### The data
::::

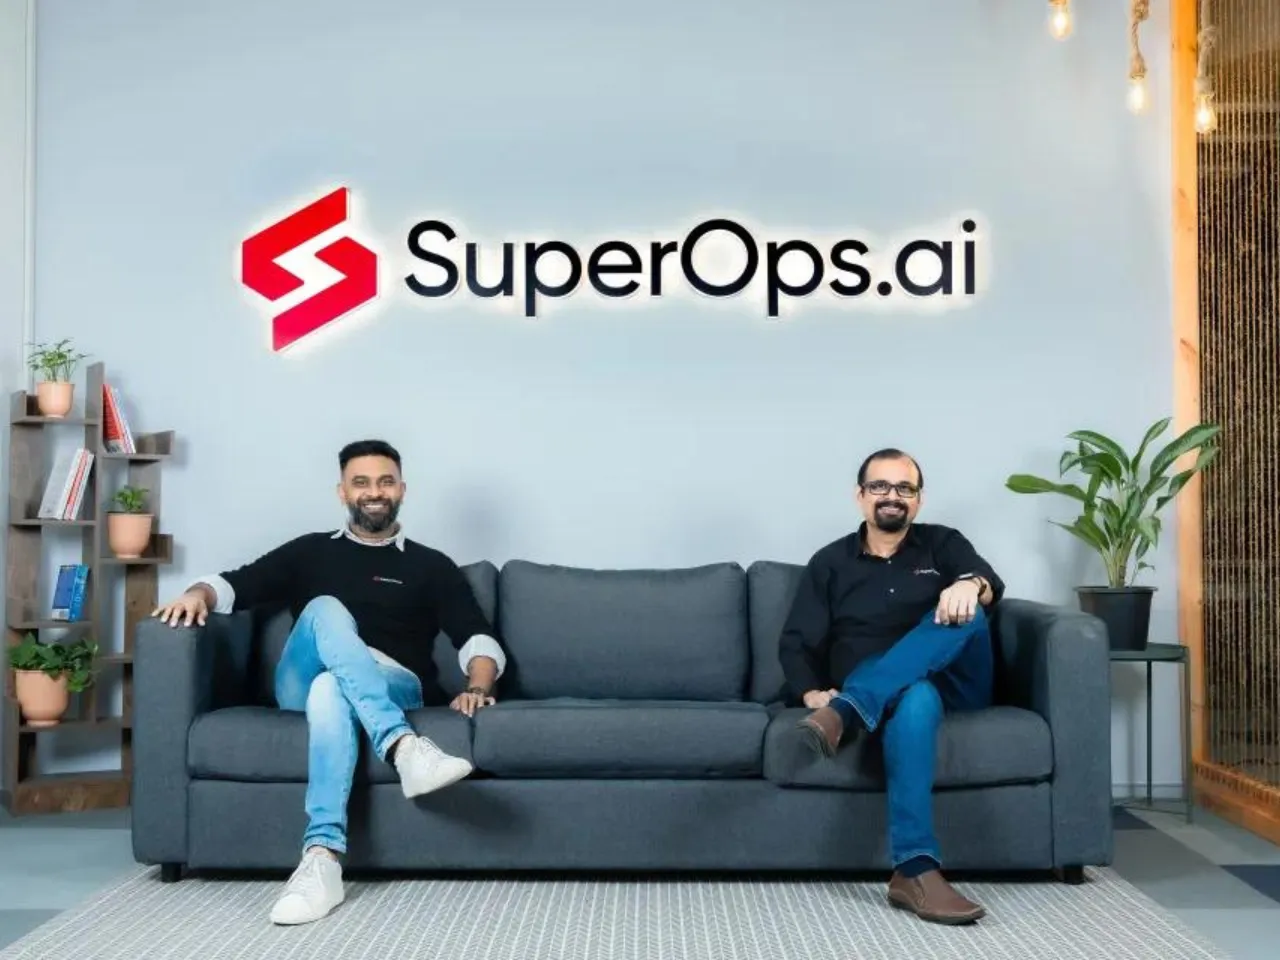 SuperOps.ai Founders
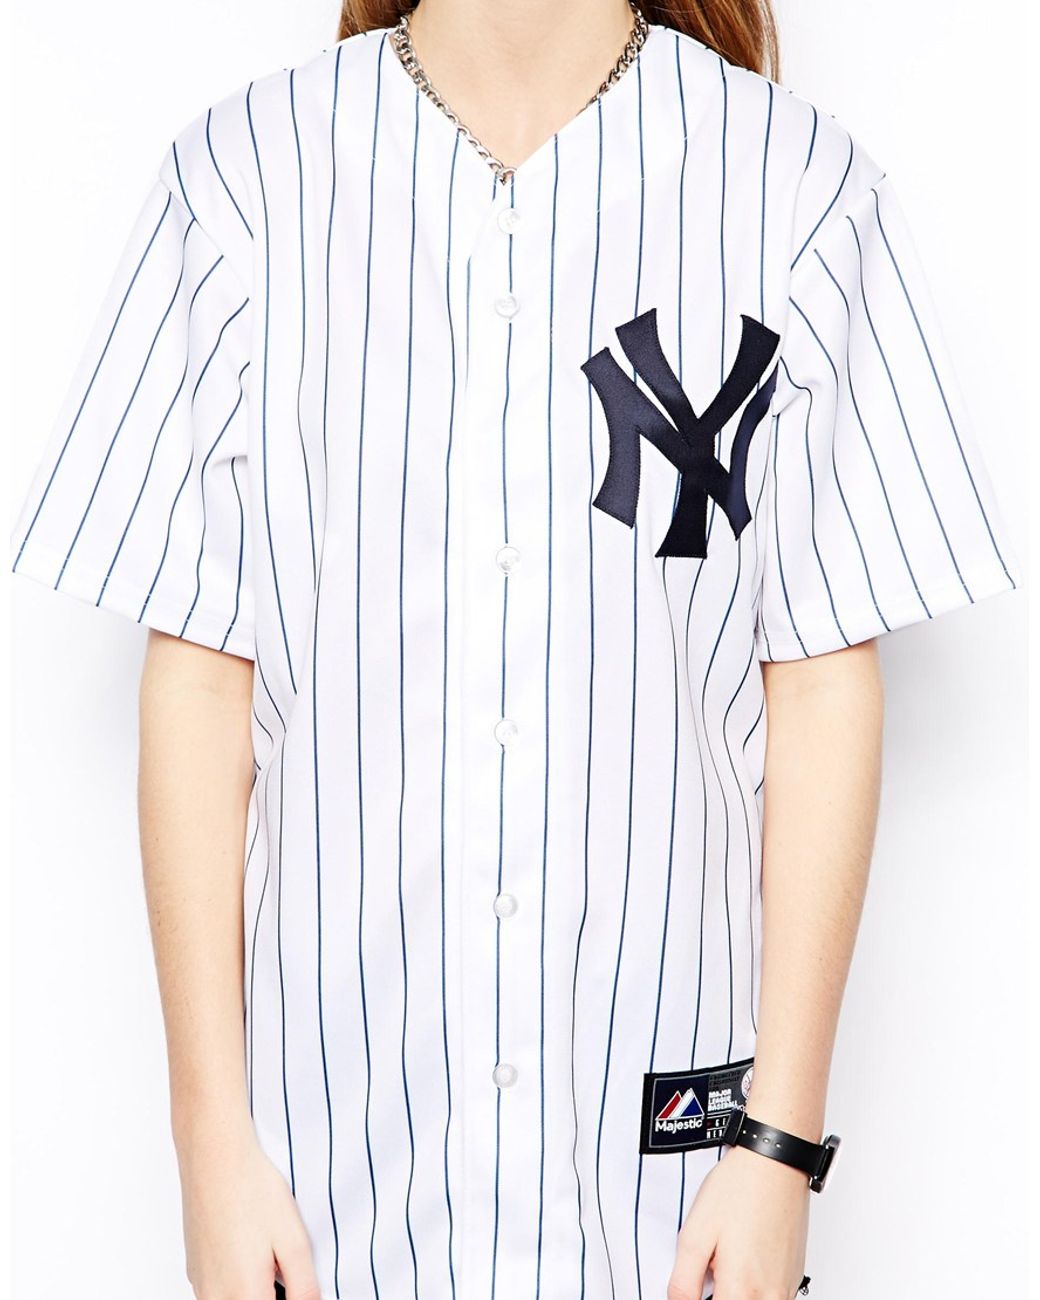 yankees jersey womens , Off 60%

::::

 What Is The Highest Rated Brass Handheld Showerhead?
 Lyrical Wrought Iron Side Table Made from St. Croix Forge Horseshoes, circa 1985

::::

### The task
The answer should consist only of the lines above from the one with "SuperOps.ai Founders" through the one with "yankees jersey womens , Off 60%", repeated exactly, with no pictures among them.

### Answer to the problem
 SuperOps.ai Founders
 yankees jersey womens , Off 60%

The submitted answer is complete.